|Matthew Henry's Concise Commentary|
57:1-6 All David's dependence is upon God. The most eminent believers need often repeat the publican's prayer, God be merciful to me a sinner. But if our souls trust in the Lord, this may assure us, in our utmost dangers, that our calamities will at length be overpast, and in the mean time, by faith and prayer, we must make him our refuge. Though God be most high, yet he condescends so low, as to take care that all things are made to work for good to his people. This is a good reason why we should pray earnestly. Look which way we will on this earth, refuge fails, no help appears; but we may look for it from heaven. If we have fled from the wrath to come, unto Jesus Christ, he that performed all things needful to purchase the salvation of his people, will do for us and in us all things needful for our enjoyment of it. It made David droop to think there should be those that bore him so much ill-will. But the mischief they designed against him, returned on themselves. And when David was in the greatest distress and disgrace, he did not pray, Lord, exalt me, but, Lord, exalt thine own name. Our best encouragement in prayer, is taken from the glory of God, and to that, more than to our own comfort, we should have regard in all our petitions for mercy.
Verse 5. - Be thou exalted, O God, above the heavens; or, exalt thyself, O God, above the heavens; i.e. show forth thy might in such a signal way that the heavens (i.e. the angels) may stand to gaze at it. Let thy glory be above all the earth. Let thy exaltation equally draw the attention of the whole earth.
Gill's Exposition of the Entire Bible
Be thou exalted, O God, above the heavens,.... That is, show thyself to be God, that sittest in the heavens, and art higher than they, by saving me, and disappointing mine enemies; that I, and those that are with me, may magnify the Lord and exalt his name together. The Targum is,
"be thou exalted above the angels of heaven, O God;''
let thy glory be above all the earth; that is, above all the inhabitants of the earth, as the Chaldee paraphrase: let the glory of God in my deliverance be seen by all that dwell upon the earth; for by how much the lower and more distressed his case and condition were, by so much the more would the glory of God be displayed in bringing him out of it.
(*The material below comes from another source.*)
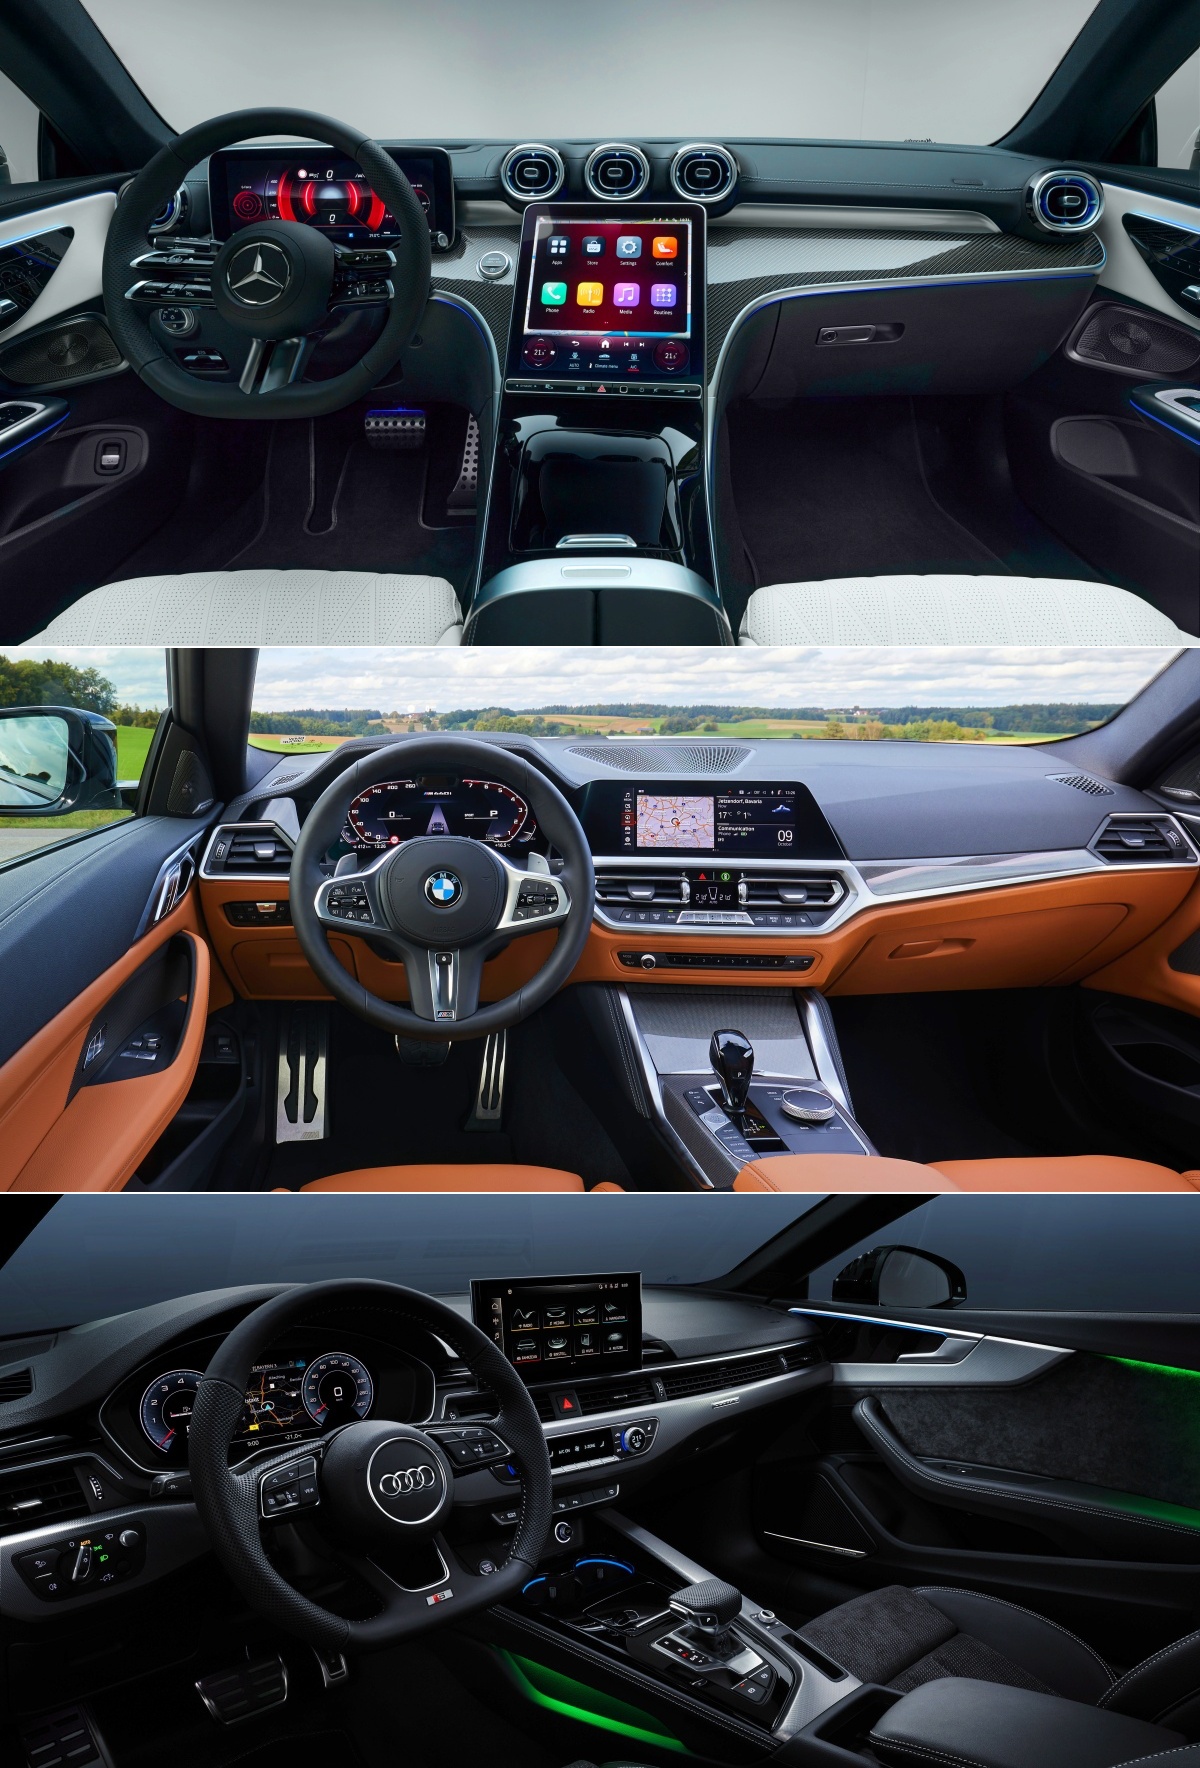 '벤츠 CLE 쿠페', 'BMW 4 시리즈 쿠페', '아우디 A5 쿠페'의 내부 사진이다.

Nothing lies nearer the hearts of the people of God than his glory; this is more desirable than their own salvation: David breathes after the one, when he says nothing of the other, that being uppermost; though his meaning is, that the one might be brought about by the other.
Jamieson-Fausset-Brown Bible Commentary
5. This doxology illustrates his view of the connection of his deliverance with God's glory.